Tiling a recovery story BUYDynasty Ceramic Plc (DCC)
DCC is a massive laggard, trading 18% below its 2012 peak while the
market is 28% higher in the same period. Successful operational fix in
the past 12 months will restore the company’s growth story. We expect
DCC’s earnings growth to surge to 25% this year, from near zero last
year, in our revised forecast. Our new TP of Bt70 implies 26% capital
gain, which would be further sweetened by a 7% dividend yield. BUY.
Strong operational improvements. Yesterday's analyst meeting led by Khun
Roongroj Saengsastra, Chairman & CEO, revealed that DCC successfully raised average
product selling price from Bt129/sqm in 2012 to Bt135/sqm in mid-Jan 13 and
Bt139/sqm in mid-Feb 13. Despite the price hike, sales volume picked up strongly by
12% YoY in January. Backing for this was provided by three elements. First, market
demand was strong. Second, it introduced a new product in 4Q12 that met with
customer approval. This is a "rectified floor ceramic tile" sized 16"x16", for which the
selling price is almost 30% below the price for imported granito tiles, and thus will lure
some share away from the imported granito tile market. Thirdly, last year's logistics
problems were solved by shortening the payment terms and using larger trucks.
Positive guidance for 2013. DCC targets 10percent sales volume growth and 7% average
selling price (ASP) increase to Bt138/sqm in 2013. Gross margin is expected to edge up
to 40percent from 39.2% in 2012, thanks to better economies of scale, higher ASP and sales
mix optimization. DCC aims to boost the proportion of the 16"x16" rectified floor
ceramic tile size from 3-4% of total sales volume to 35-40%. While the ASP on this
product is 20% above the conventional grade, its production cost is merely 5% higher.

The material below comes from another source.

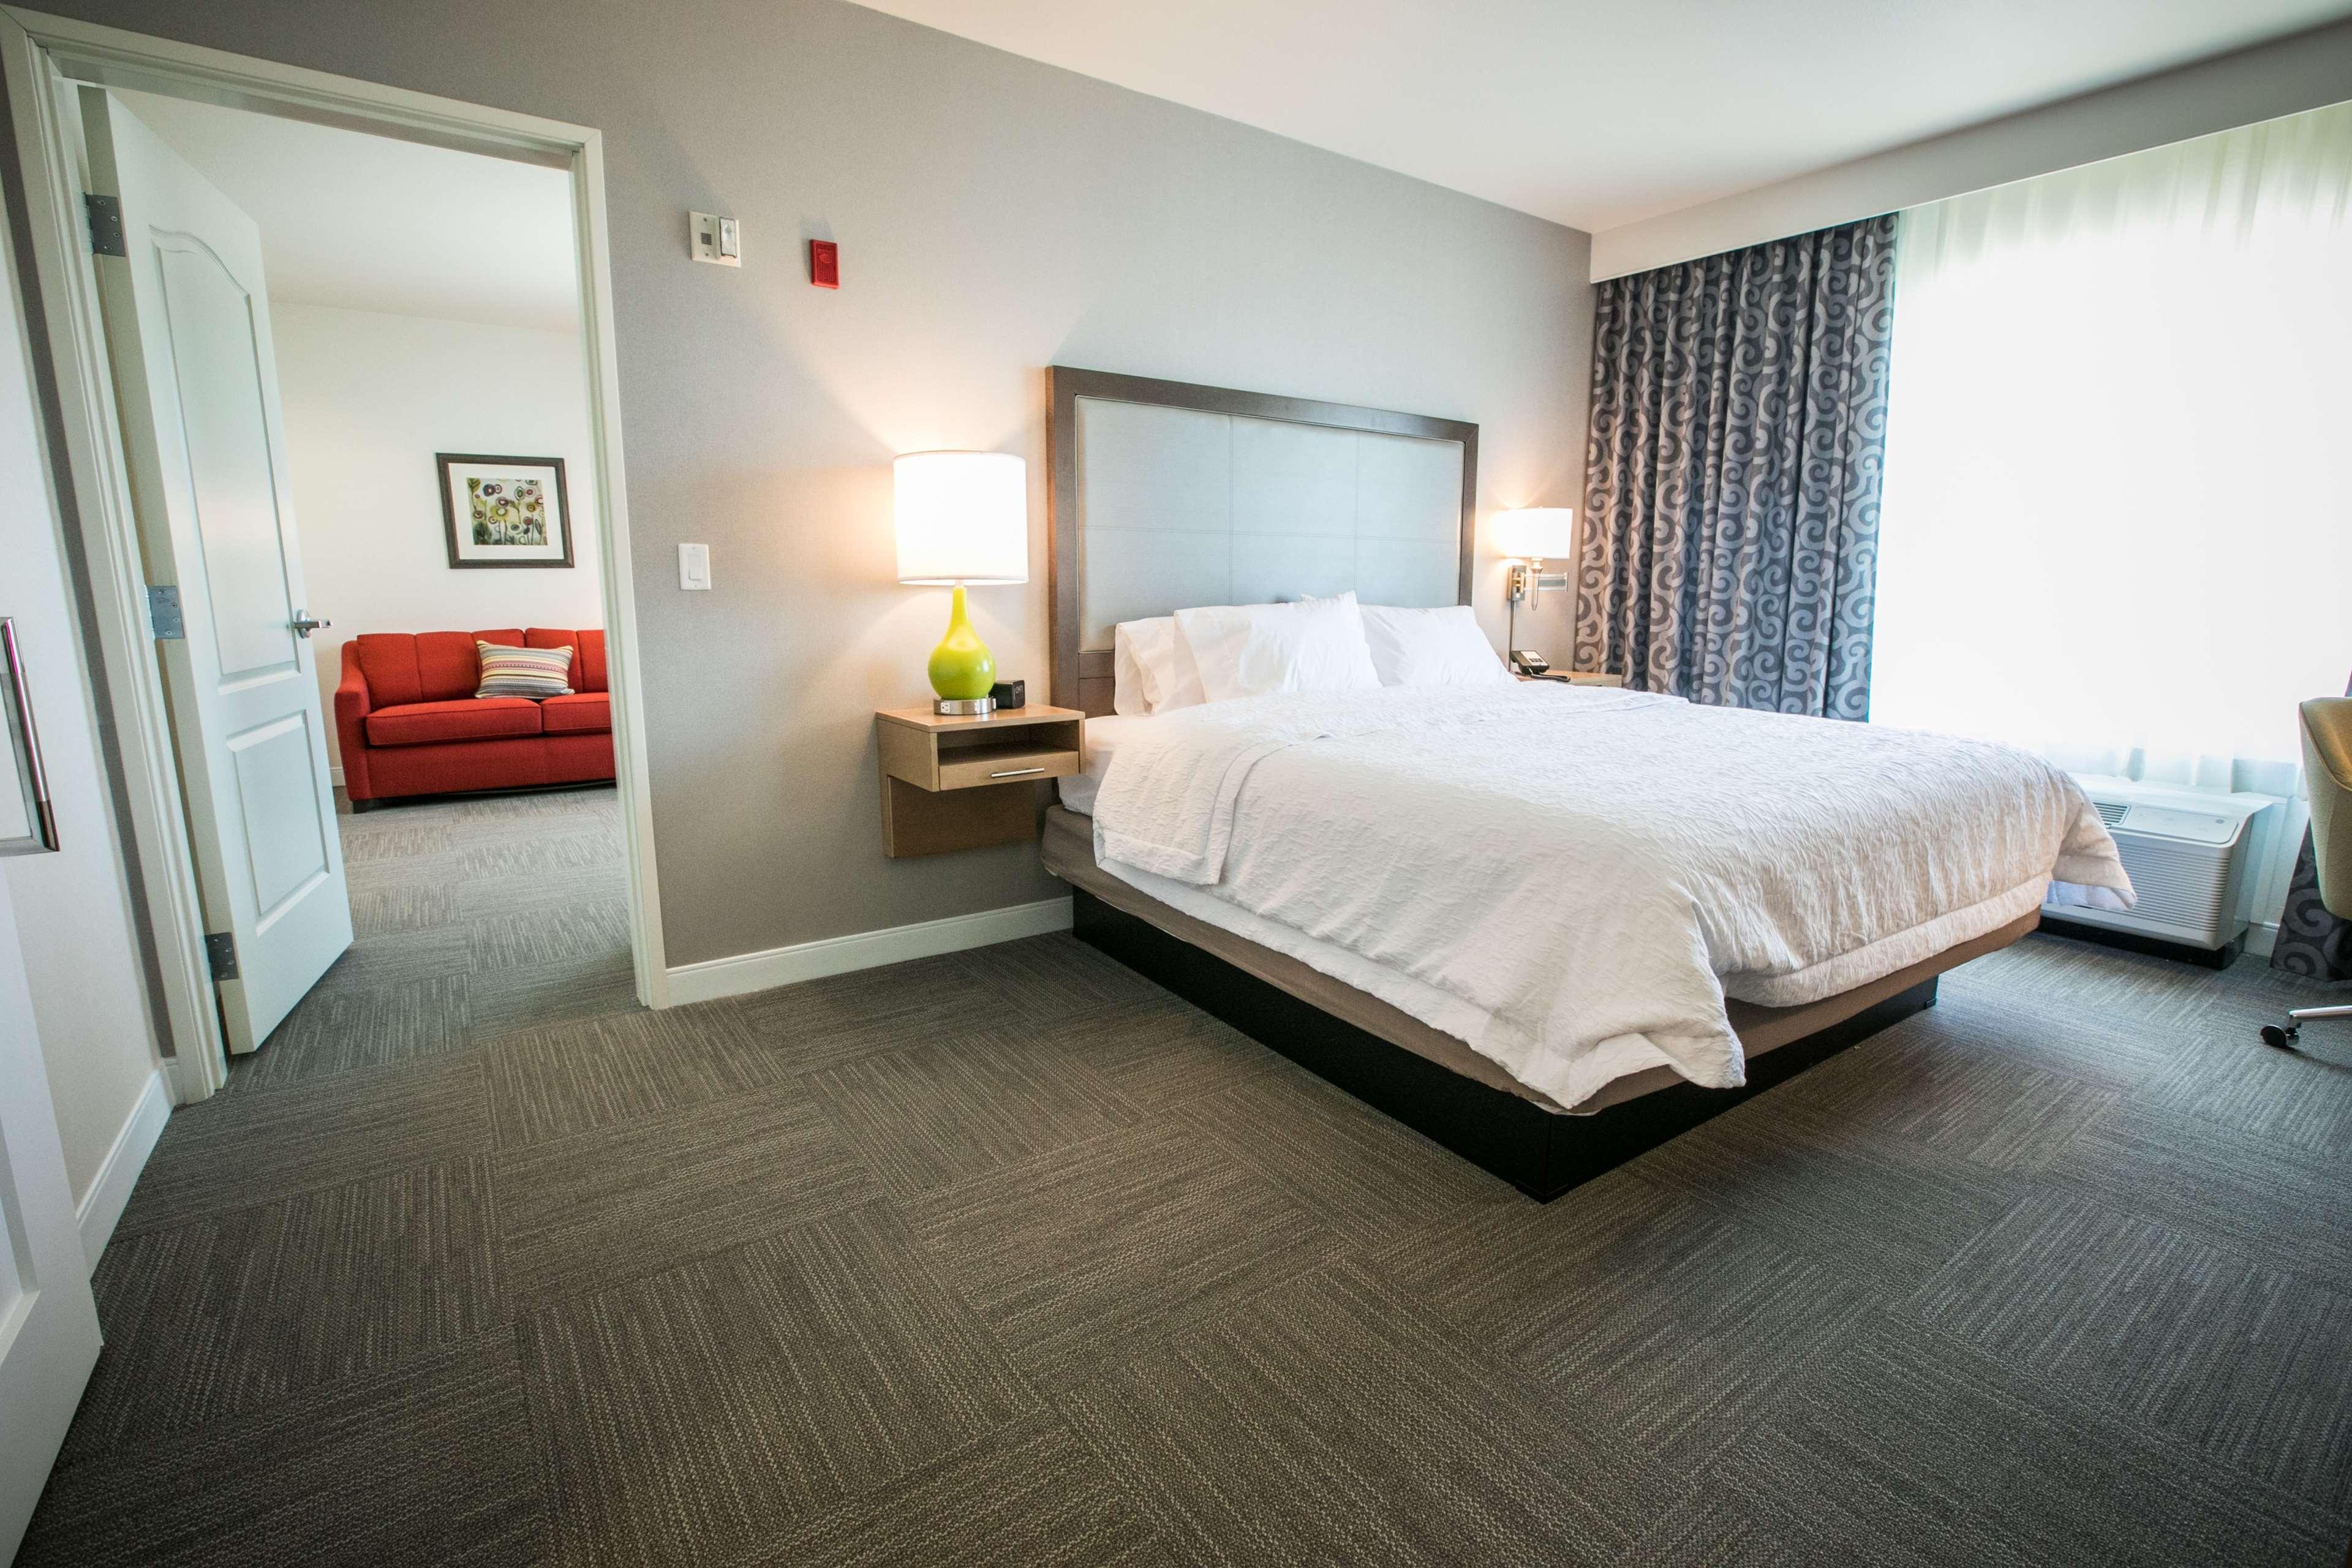 Hampton Inn & Suites Tempe - Phoenix Airport image 18

DCC is not concerned about the current boom in modern trade distribution outlets for
home improvement products, as they generate only 2% of total sales from ceramic tile
sales due to space limitation. DCC's in-house outlets, primarily dedicated to ceramic
tiles, offer much broader product range and account for 75% of its sales.
Earnings upgrade. To reflect the stronger outlook, we have raised our forecast by
14% to Bt1.6bn in 2013F and Bt1.8bn in 2014F. Our key assumption changes are: 1) an
increase in ASP to Bt134/sqm (+4% YoY) in 2013F and Bt135/sqm (+1% YoY) in 2014F;
2) a rise in sales volume to 63mn sqm (+8% YoY) in 2013F and 69mn sqm (+8% YoY) in
2014F; and 3) a rise in gas cost by 5%. Our full-year ASP assumptions are more
conservative than company guidance as we see seasonality factors contributing to the
pricing so far in 1Q13. Our sensitivity analysis suggests that every 1% rise in sales
volume and ASP will increase DCC's earnings by 1% and 3.5%, respectively, while every
1% rise in gas cost will hurt its earnings by 1.5%.
Maintain BUY. We raised our 12-month PT to Bt70 (from Bt57), based on 18x PE (+1.5
S.D. over its 10-year PE of 13x) in response to our earnings upgrade. We like DCC for
several reasons: 1) potential earnings upgrade by street (our earnings are 14% above
consensus); 2) hugely laggard play in its sector (DCC -7% vs. SETCONMAT +24% and SET
+34% in the past 12 months); 3) attractive valuation, trading at 14x 13PE vs 3-year EPS
growth at 20%; and 4) compelling dividend yield at 7.0% in 2013F.